Пройдет еще несколько лет, и старые большевики, как и миллионы советских людей, вообще никакого отношения не имевшие к политике, разделят участь меньшевиков и эсеров.

12 октября 1921 г., более чем через полгода после ареста, в квартире Николаевского, в его отсутствие, чекисты произвели обыск. Добыча была внушительной. Конфискованные документы уложили в шесть пакетов, которые затем были переданы в следственную часть президиума ВЧК. Согласно акту вскрытия этих пакетов, необходимые для следствия материалы были отобраны в один пакет. Остальные подлежали возвращению Николаевскому[224]. Разумеется, ничего ему возвращено не было, так как находился он в тюремной камере[225].

Заключенные в Бутырку меньшевики пытались всеми доступными средствами (через проникавшую в тюрьму прессу и редкие свидания с родными) получать информацию о текущих событиях. В камерах происходили бурные дебаты о значении Кронштадтского восстания, о сущности поворота в советской политике после X съезда РКП(б).

Заменив обрекавшую город и деревню на голодное существование «продовольственную разверстку» времен «военного коммунизма» на фиксированный «продовольственный налог», большевики вынуждены были предоставить населению возможность торговли. Была восстановлена мелкая и средняя частная собственность. На государственном уровне в страну через создание «концессий» стали привлекать иностранный капитал. Все эти меры, вводившиеся постепенно, но достаточно быстро, получили название новой экономической политики, более известной как НЭП.

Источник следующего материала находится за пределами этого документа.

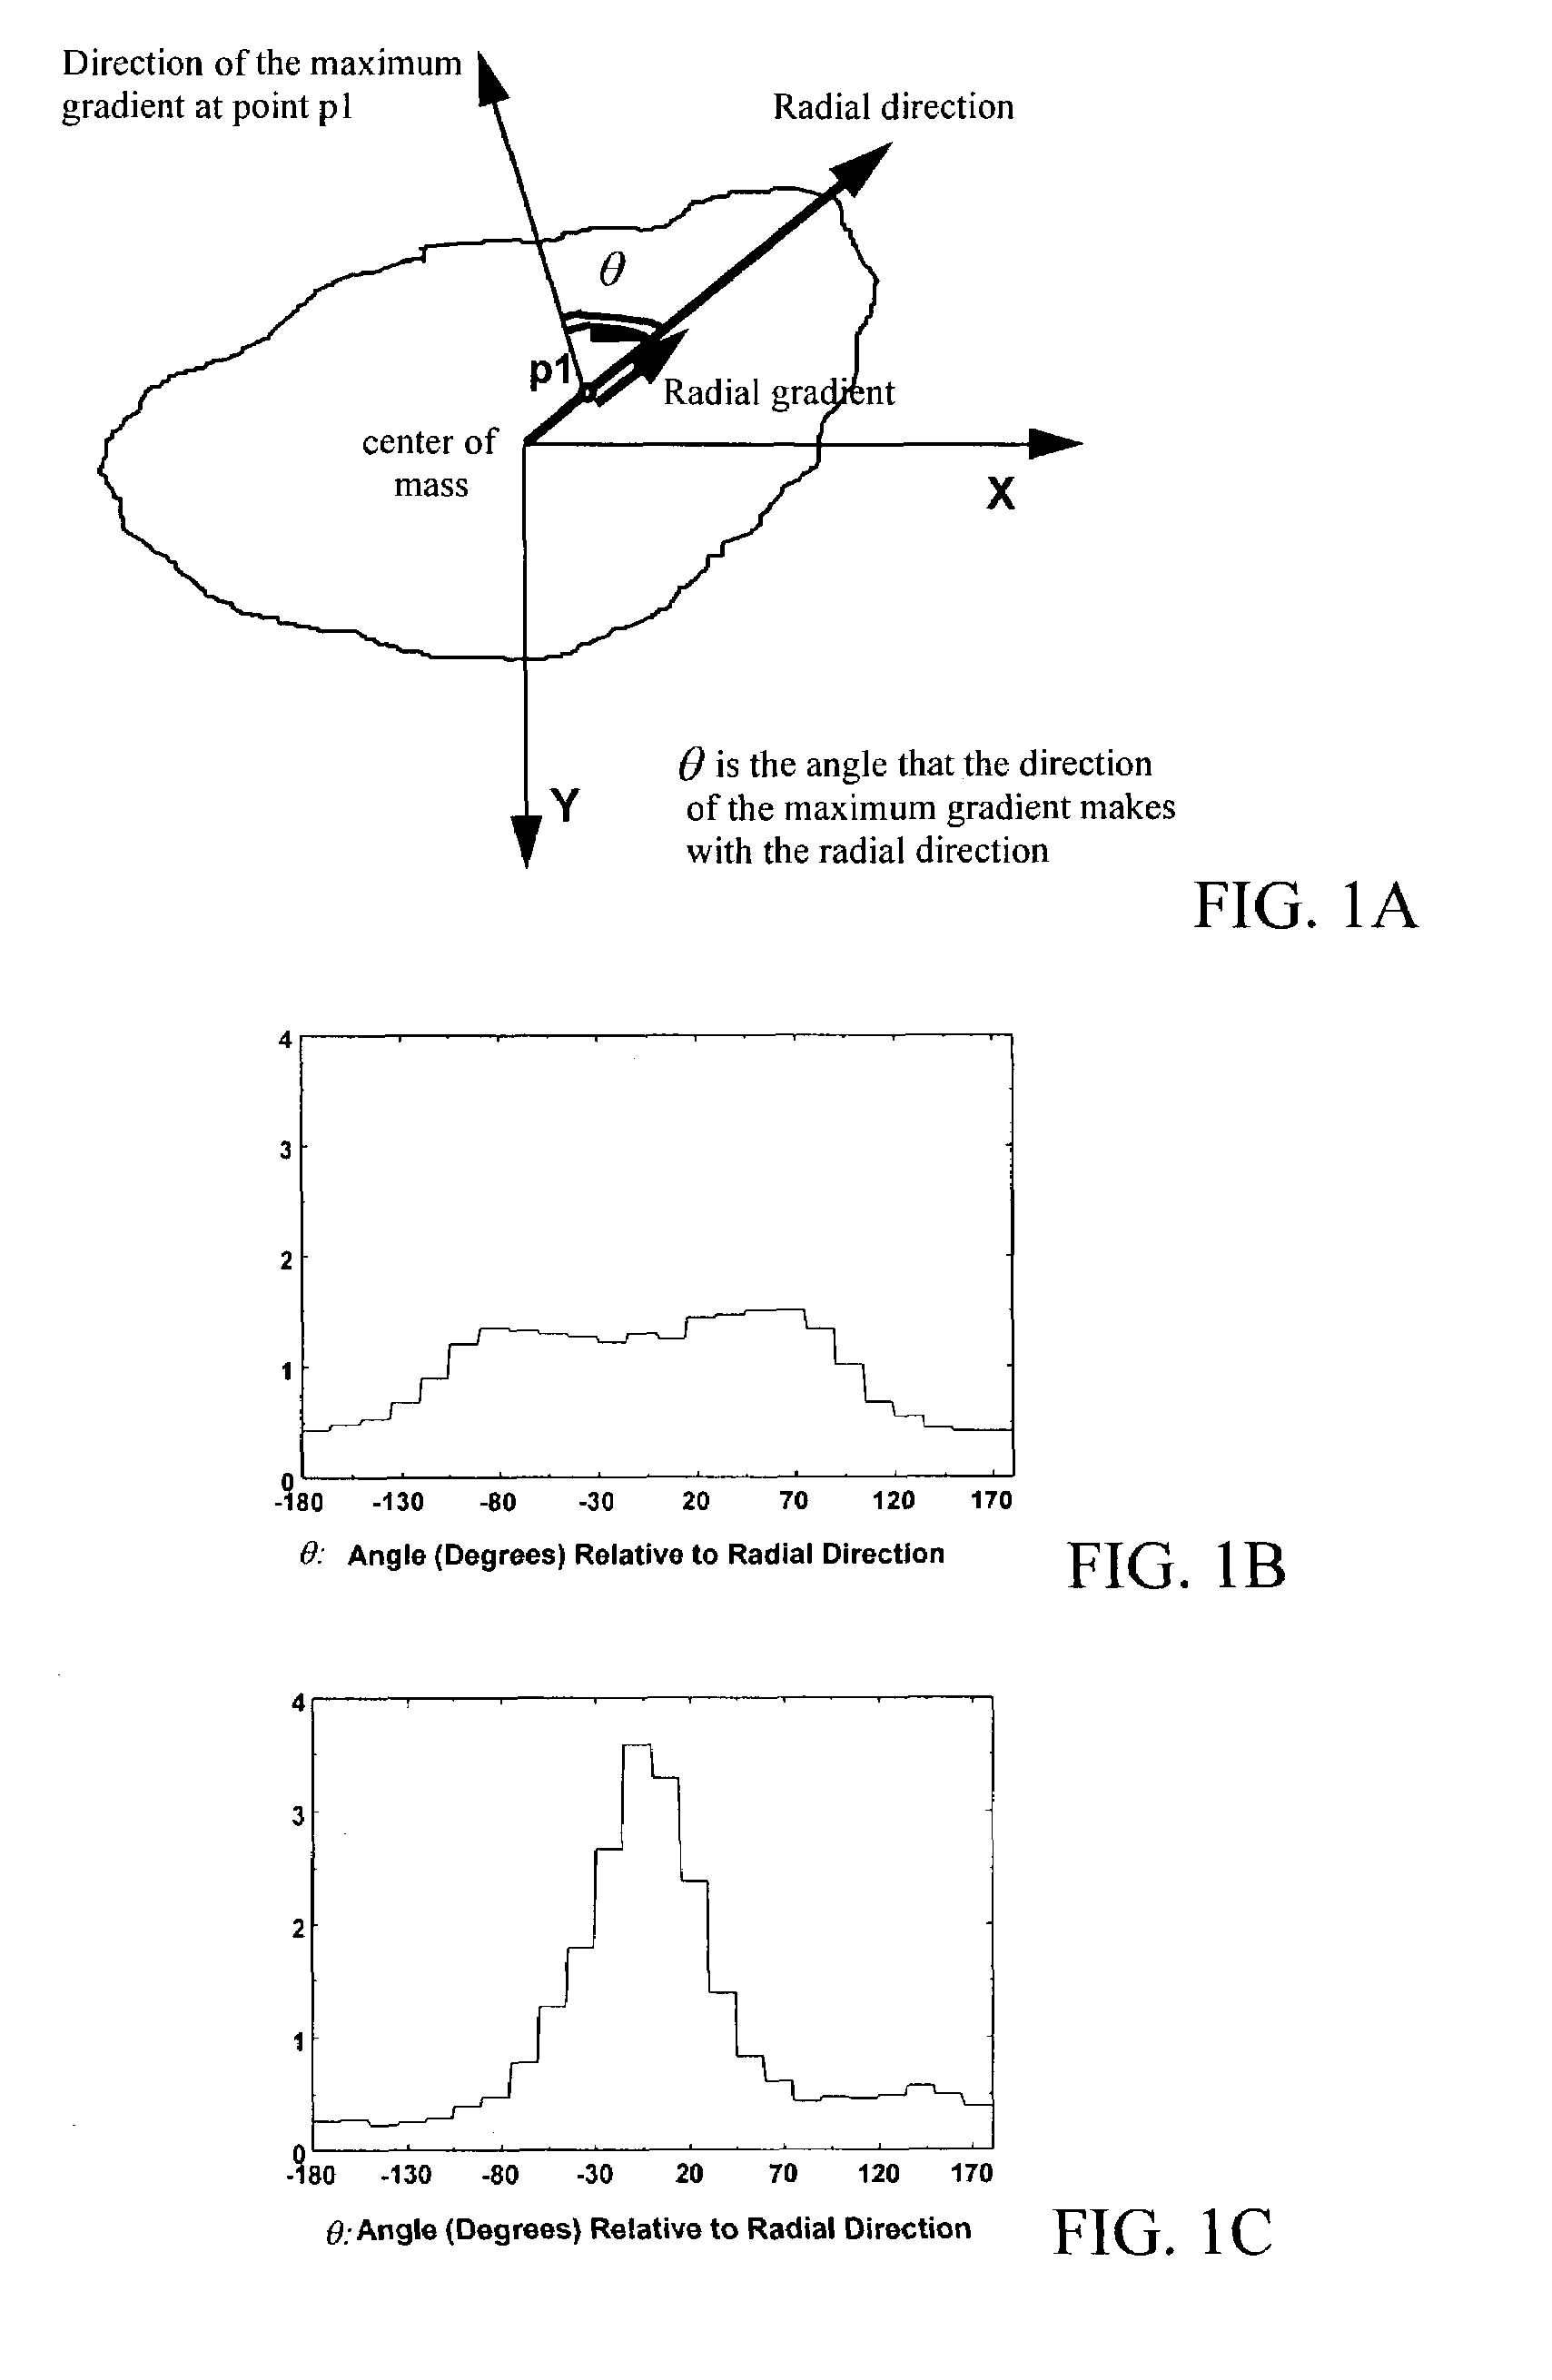 Method and system for risk-modulated diagnosis of disease

Николаевский вместе с другими меньшевиками, стоявшими на левой и центристской позициях, изначально считал национализацию всей промышленности, транспорта и банковской системы вредной утопией. Вместе с Мартовым и Даном Николаевский был убежден в необходимости восстановления частной собственности и рыночных отношений. Политически меньшевики согласны были предоставить имущим классам, как писал Мартов, «достаточный простор для мирной борьбы за влияние на ход дел»[226]. Однако надежды Николаевского и его партийных коллег на возможности развития капитализма в Советской России при власти большевиков были не более чем очередной утопией.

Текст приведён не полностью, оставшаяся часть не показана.